Which gives us what we want, since each value in multiplier is applied successively to each value in a patient’s row, but over every patient’s row. So, every patient’s first value is multiplied by 1, every patient’s second value is multiplied by 2, etc.

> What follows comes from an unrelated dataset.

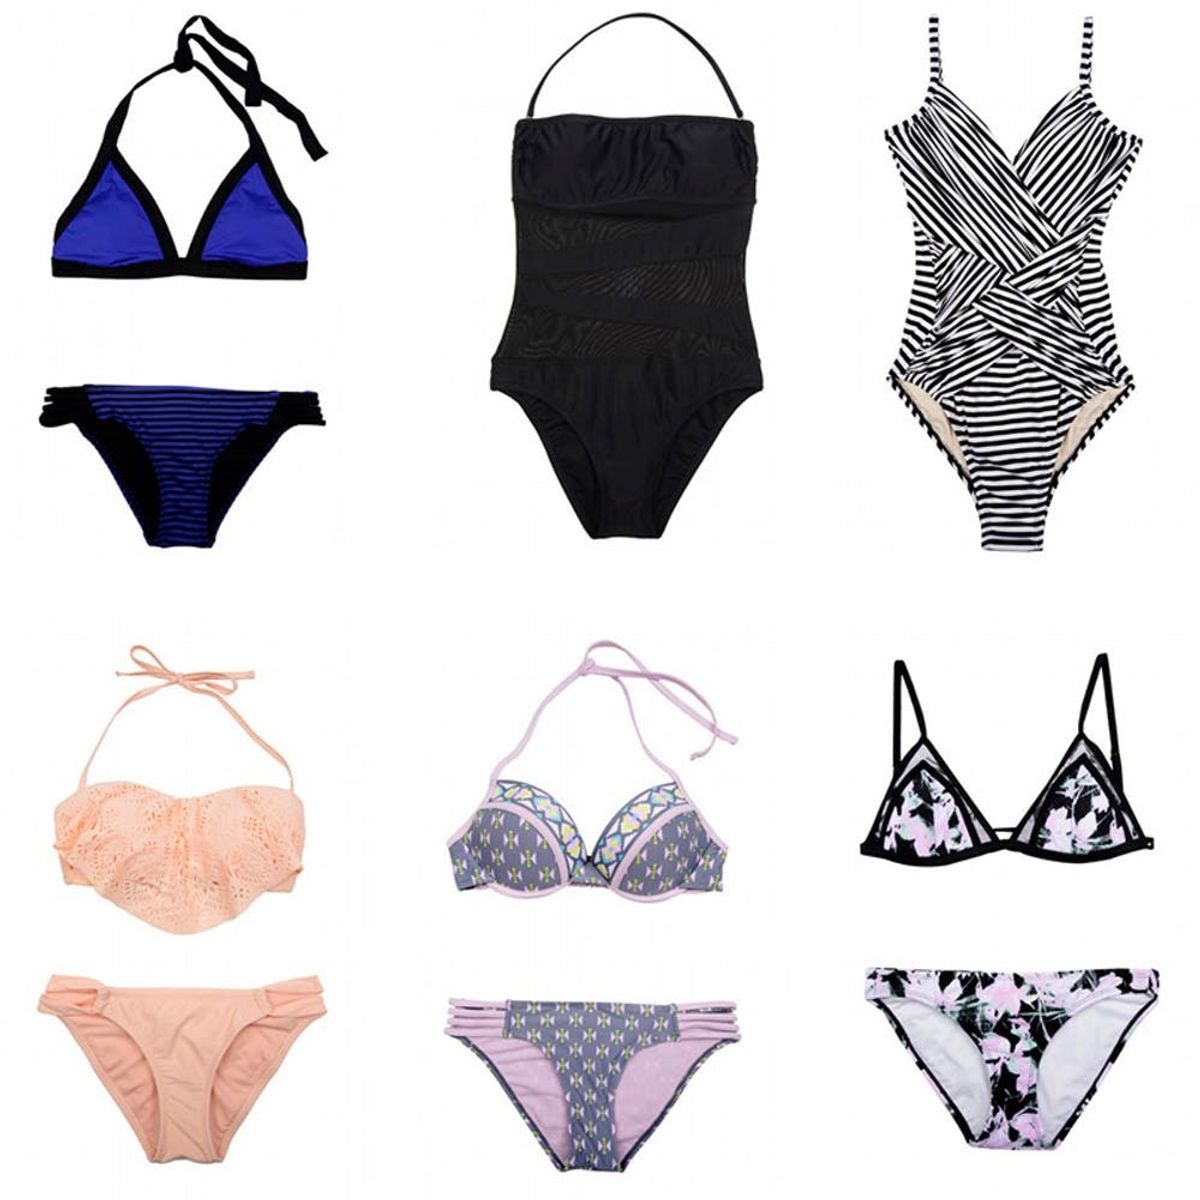 Target’s New Swimwear Collection Will Make You So Excited for Spring Break

Since multiplier has only one dimension, but the size of that dimension matches our number of days (the second dimension of subset), broadcasting automatically repeats the data in multiplier to match the number of patients (the first dimension in subset) so the * operation can be applied over arrays of equal shape.

Key Points

  • Processing NumPy arrays is generally much faster than processing Python lists.

  • NumPy arrays have specialised capabilities to support complex mathematical operations, and are less flexible that Python lists.

  • Slicing NumPy arrays returns a reference to the original dataset, not a copy of it like with Python lists.

  • NumPy arrays only hold elements of a single data type and are generally fixed in size.

  • Use numpy.mean(array), numpy.max(array), and numpy.min(array) to calculate simple statistics.

  • Use numpy.mean(array, axis=0) or numpy.mean(array, axis=1) to calculate statistics across the specified axis.

  • Use .reshape() to resize a NumPy array to a different set of dimensions.

  • Broadcasting allows you to apply an operation to two arrays of different shape, repeating the data in an array of a one-long dimension to match the larger array.